- [Source material]:
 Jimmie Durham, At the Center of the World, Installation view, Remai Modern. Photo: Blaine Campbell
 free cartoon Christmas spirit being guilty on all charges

==

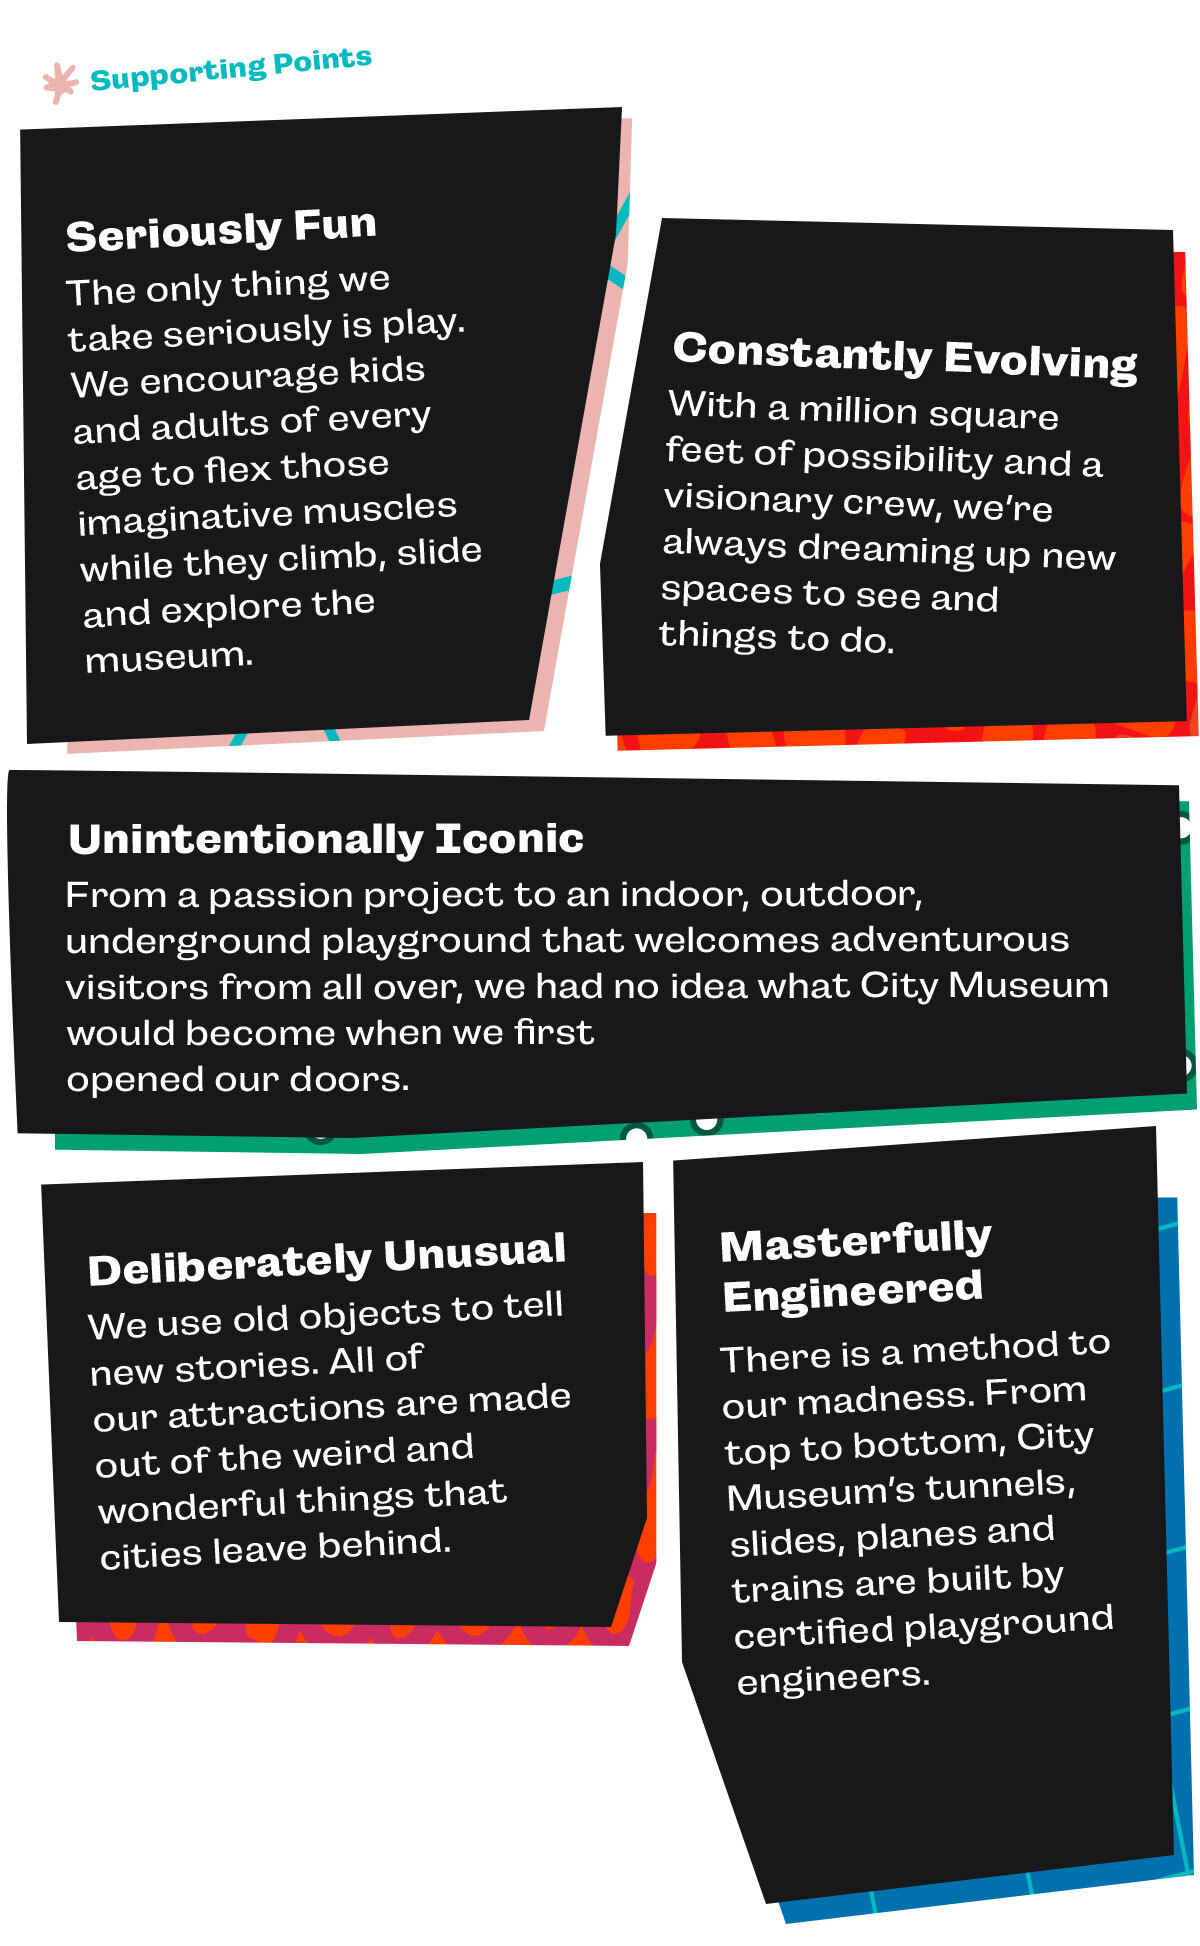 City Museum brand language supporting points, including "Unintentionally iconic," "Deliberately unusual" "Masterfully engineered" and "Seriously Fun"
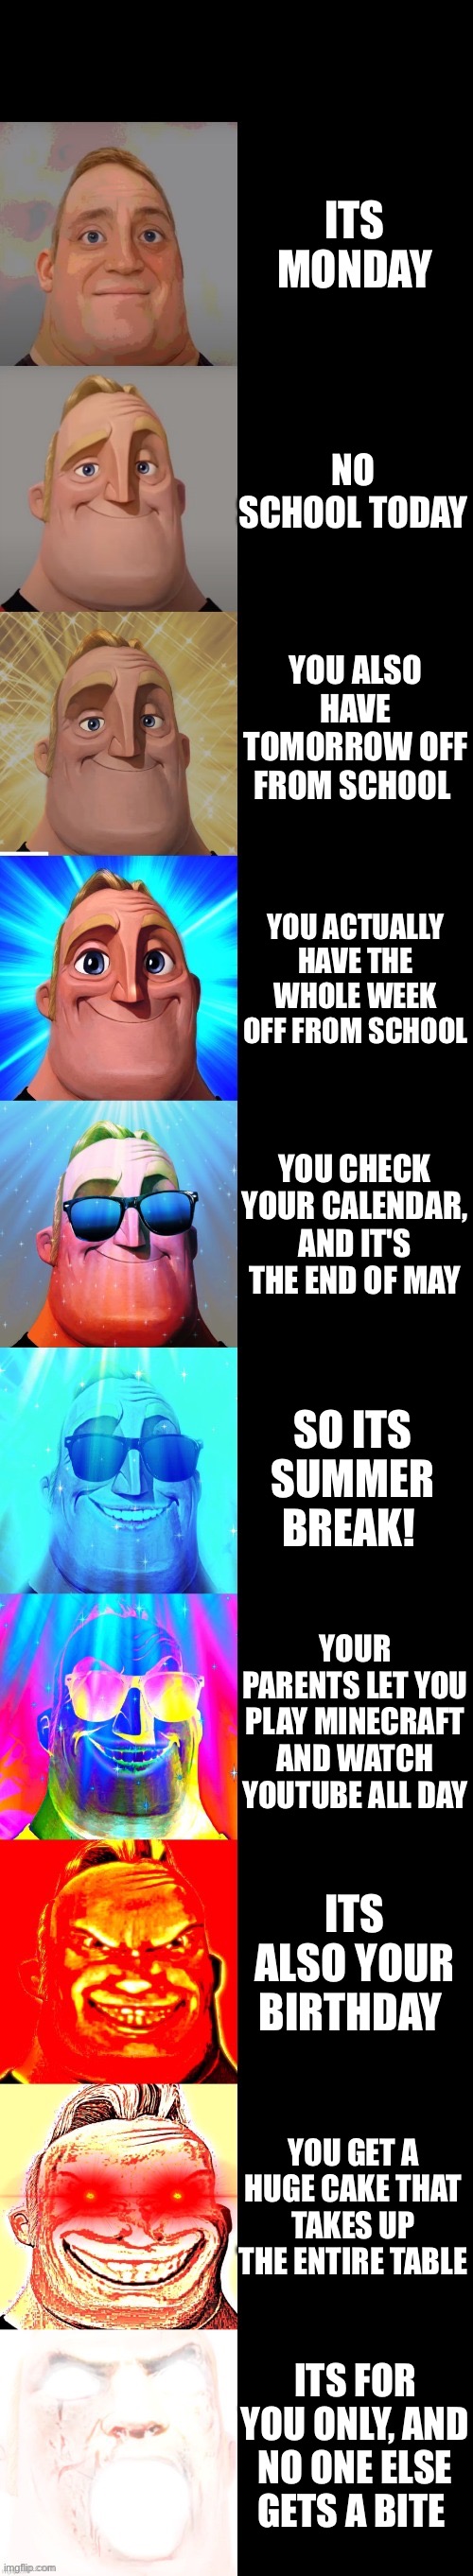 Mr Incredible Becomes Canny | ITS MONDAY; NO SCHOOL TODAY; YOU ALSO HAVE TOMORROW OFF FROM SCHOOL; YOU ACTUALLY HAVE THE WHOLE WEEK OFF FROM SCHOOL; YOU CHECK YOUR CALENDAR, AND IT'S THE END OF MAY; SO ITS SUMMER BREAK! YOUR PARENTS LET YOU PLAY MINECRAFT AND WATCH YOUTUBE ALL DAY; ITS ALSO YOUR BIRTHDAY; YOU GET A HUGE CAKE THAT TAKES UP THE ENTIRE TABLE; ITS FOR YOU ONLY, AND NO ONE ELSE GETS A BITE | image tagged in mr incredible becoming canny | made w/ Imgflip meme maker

- [Task item]: Everything in the material above from the line that has "Jimmie Durham, At" through the line that has "free cartoon Christmas" must be duplicated exactly, with no other lines given.

- [Exercise output]:
 Jimmie Durham, At the Center of the World, Installation view, Remai Modern. Photo: Blaine Campbell
 free cartoon Christmas spirit being guilty on all charges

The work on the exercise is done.